O juiz afirmou que as medidas administrativas adotadas pelo estado na região e na cidade do Rio de Janeiro são insuficientes para assegurar a ordem urbana e oferecer aos cidadãos a segurança mínima que se espera em um grande centro urbano. “Trata-se de zona de alto risco, na qual é freqüente tanto o confronto entre traficantes, como falsas blitzes, revelando a insuficiência de medidas administrativas eficientes capazes de evitar danos como o sofrido pelo autor.”

O argumento do estado do Rio de que o dano foi causado por terceiros e não por um agente estatal, o que o isentaria de responsabilidade, foi rechaçado pelo juiz. De acordo com Gustavo Bandeira, pessoas são freqüentemente vítimas de balas perdidas, sempre nos mesmos locais, cuja periculosidade é conhecida de todos, o que torna específica e abusiva a omissão do estado no que se refere à prestação de segurança pública, prevista na Constituição Federal.

“Naqueles locais em que se verifica uma omissão específica do dever de segurança pública, caracterizada pelos reiterados incidentes envolvendo a ação de bandidos, sem uma ação estatal eficiente para evitar ou pelo menos diminuir tal atuação reincidente destes marginais, deve o réu ser chamado à sua responsabilidade de indenizar aqueles que venham a sofrer um dano decorrente desta omissão específica do dever de agir.”

Processo 2003.001.008532-9

Leia a decisão

ESTADO DO RIO DE JANEIRO PODER JUDICIÁRIO COMARCA DA CAPITAL JUÍZO DE DIREITO DA 5ª VARA DA FAZENDA PÚBLICA Processo nº 2003.001.008532-9 Autor: Otacílio Carvalho França Réu: Estado do Rio de Janeiro Ação: Ordinária SENTENÇA Vistos etc… I OTACÍLIO CARVALHO FRANÇA ajuizou ação pelo rito ordinário, com pedido de antecipação de tutela, em face do ESTADO DO RIO DE JANEIRO, pretendendo indenização a titulo de danos materiais, morais e estéticos em decorrência de bala perdida, oriunda de guerra entre traficantes, ocorrida nas favelas existentes na Estrada Grajaú-Jacarepaguá, que o vitimou e resultou na sua paraplegia.

Alega, em síntese, a omissão do Estado em relação ao dever constitucional de segurança publica (art.144 da CF), tendo por fundamento o art. 37 § 6º da CF, considerando que Estrada Grajaú-Jacarepaguá, onde foi atingido, é via de grande circulação e que o tiro foi decorrente de guerra entre traficantes, sendo certo que o réu é omisso na prestação da segurança pública no referido local.

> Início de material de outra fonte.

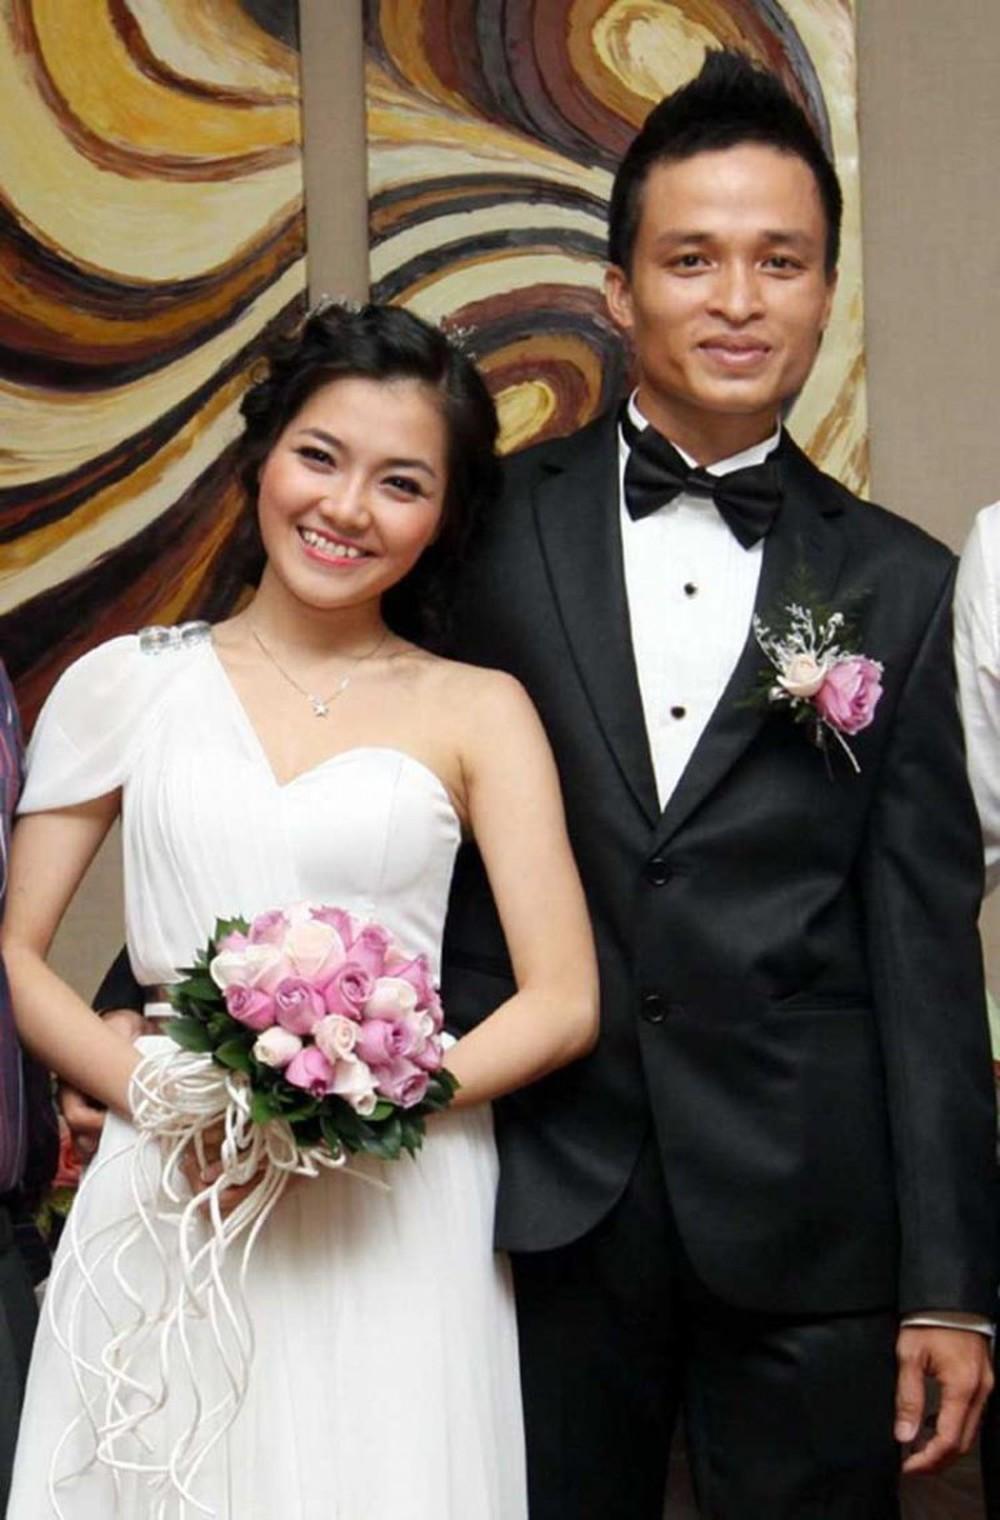 Sau 8 năm kết hôn, Thanh Ngọc nhóm 'Mắt Ngọc' vui mừng thông báo sinh con đầu lòng - Ảnh 2

Pede a condenação do Estado no pagamento da indenização que especifica na inicial. Petição inicial a fls.02/15, acompanhada pelos documentos de fls.18/211.

Decisão de fls. 219 indeferindo a antecipação dos efeitos da tutela e deferindo a gratuidade de justiça. Regularmente citado, o réu apresentou contestação (fls. 230/241), devidamente instruída com os documentos de fls.242/261, alegando, em síntese, que não houve atuação de agente estatal a justificar a responsabilização com fundamento no art. 37, § 6 da CF, sendo o caso de responsabilidade subjetiva, a qual depende da prova da conduta culposa, ausente na hipótese.

Esclarece que o dano foi causado por terceiros, razão pela qual inexiste nexo de causalidade para responsabilização do Estado. Quanto às parcelas indenizatórias, pelo principio da eventualidade, impugna os valores pretendidos a título de danos materiais, salientando inexistir especificação da deformidade sofrida, para deferimento do dano estético e que o dano moral deveria ser fixado entre 50 a 100 salários-mínimos.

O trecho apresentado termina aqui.